AT-TUWANI: Villagers and CPT delegation replace Tom Fox's olive tree
CPTnet
22 March 2008
AT-TUWANI: Villagers and CPT delegation replace Tom Fox's olive tree
by S. Roy Kaufman
[Note: Kaufman was a member of the 4-17 March 2008 CPT delegation to Israel/Palestine. According to Geneva Conventions, the International Court of Justice in the Hague, and numerous U.N. resolutions, all settlements in the Occupied Territories illegal.]

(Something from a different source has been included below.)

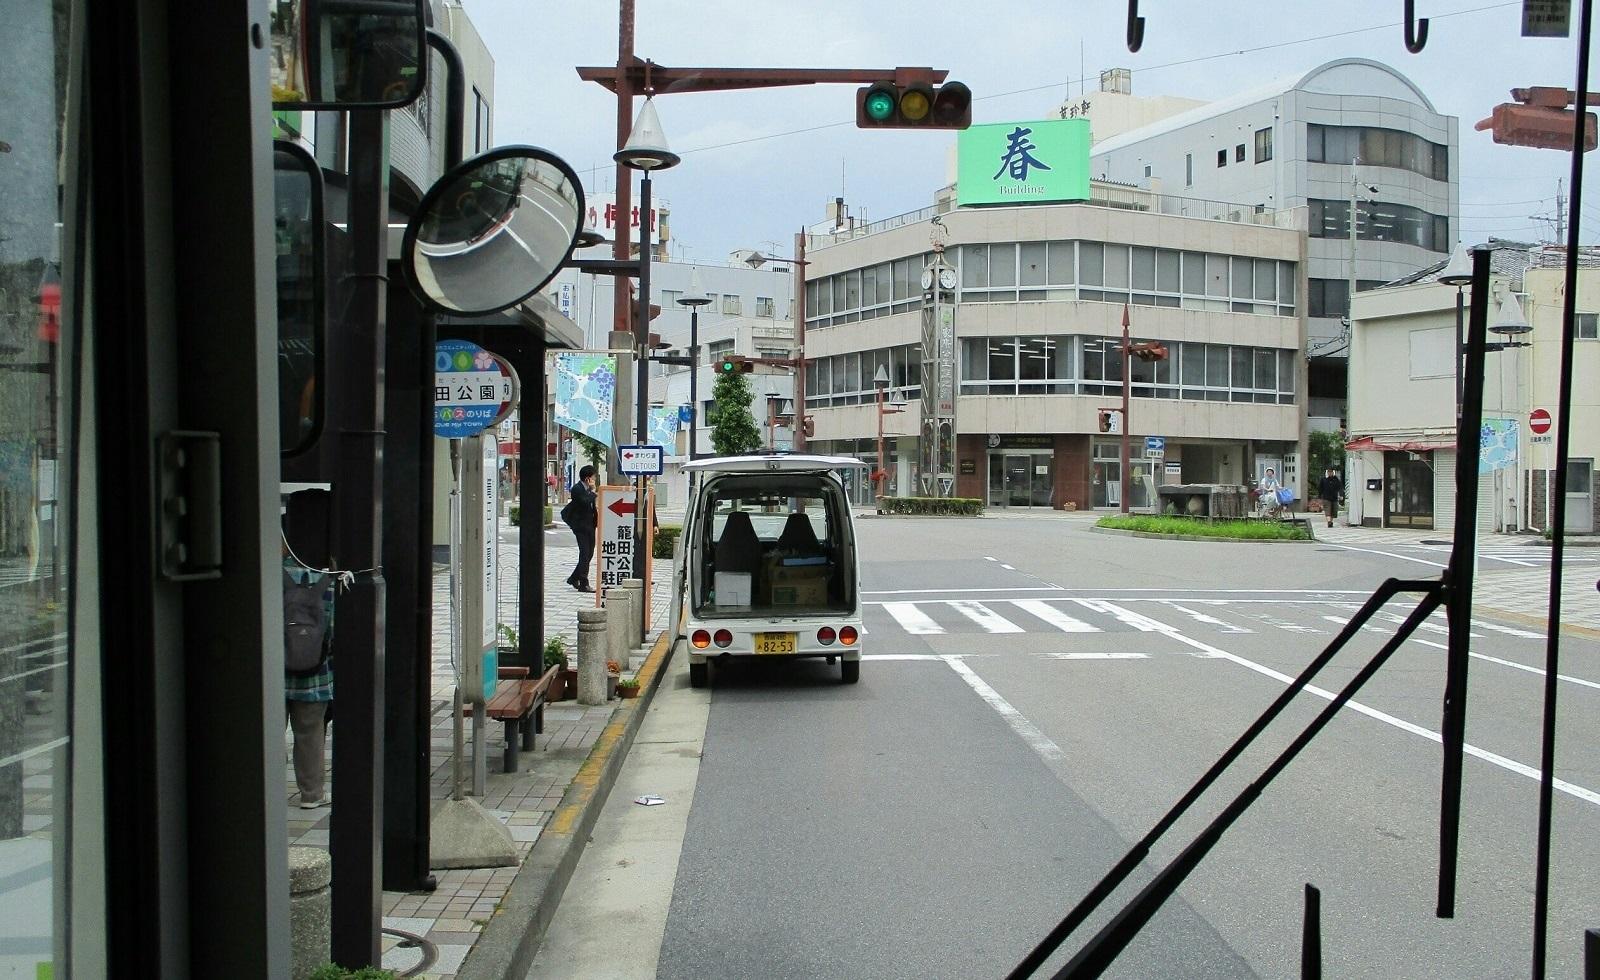 2018.6.21 (18) JRあんじょうえきいきバス - 篭田公園前バス停 1600-980

On 8 March 2008, our second day in the Hebron district, our Christian Peacemaker Team (CPT) delegation visited the rural Palestinian village of At-Tuwani, near a string of Israeli settlements. Our drivers were reluctant to cross the Israeli access road separating At-Tuwani from the settlements, so we walked up the gravel road into the village, pausing to enjoy the bucolic scene of olive trees, shepherds, and spring flowers.
One of the village leaders, our host for the day, met us in the village and took us toward the wooded hilltop of Hill 833, a settlement outpost illegal even under Israeli law. At this place on the edge of At-Tuwani, the villagers had planted an olive tree in memory of Tom Fox.
Tom Fox was abducted in 2005, along with three other CPTers in Baghdad, and subsequently killed by his captors in March 2006. He had previously served with CPT in At-Tuwani, and the villagers wanted to recognize this courageous peacemaker's life. Unfortunately, others, presumably settlers, had destroyed the tree.
On Saturday, 8 March, nearly two years to the day that Tom Fox's body had been discovered in Baghdad, the villagers of At-Tuwani wanted to replant another olive tree in his memory. Our delegation watched as our host and his three year old son made a hole for the new tree. Then he carefully situated the tree in the hole, poured in water we had brought from the cistern, and, with our help, refilled the hole with fertile reddish soil.
The planting was not only an act of remembrance for a fallen peacemaker. It was also a declaration of a peaceful but determined intention by the villagers of At-Tuwani. With this act, they declared their intention to stay where their families had lived for hundreds of years, engaged in subsistence farming, raising their own food, and tending the flocks of sheep and goats that are the mainstay of their economic life.
In the face of persistent harassment by their Israeli settlers, the villagers of At-Tuwani are determined to maintain their way of life. "We only want to live in peace with all our neighbors," said our host, who is committed to responding nonviolently to all the attacks the people in his village experience, including an attack on his own mother as she was tending the sheep.
Following the planting, our delegation had its daily worship around the olive tree, adding our own prayers of thanks for the life of Tom Fox and for the new life of this tree and the continuing life of this besieged rural community.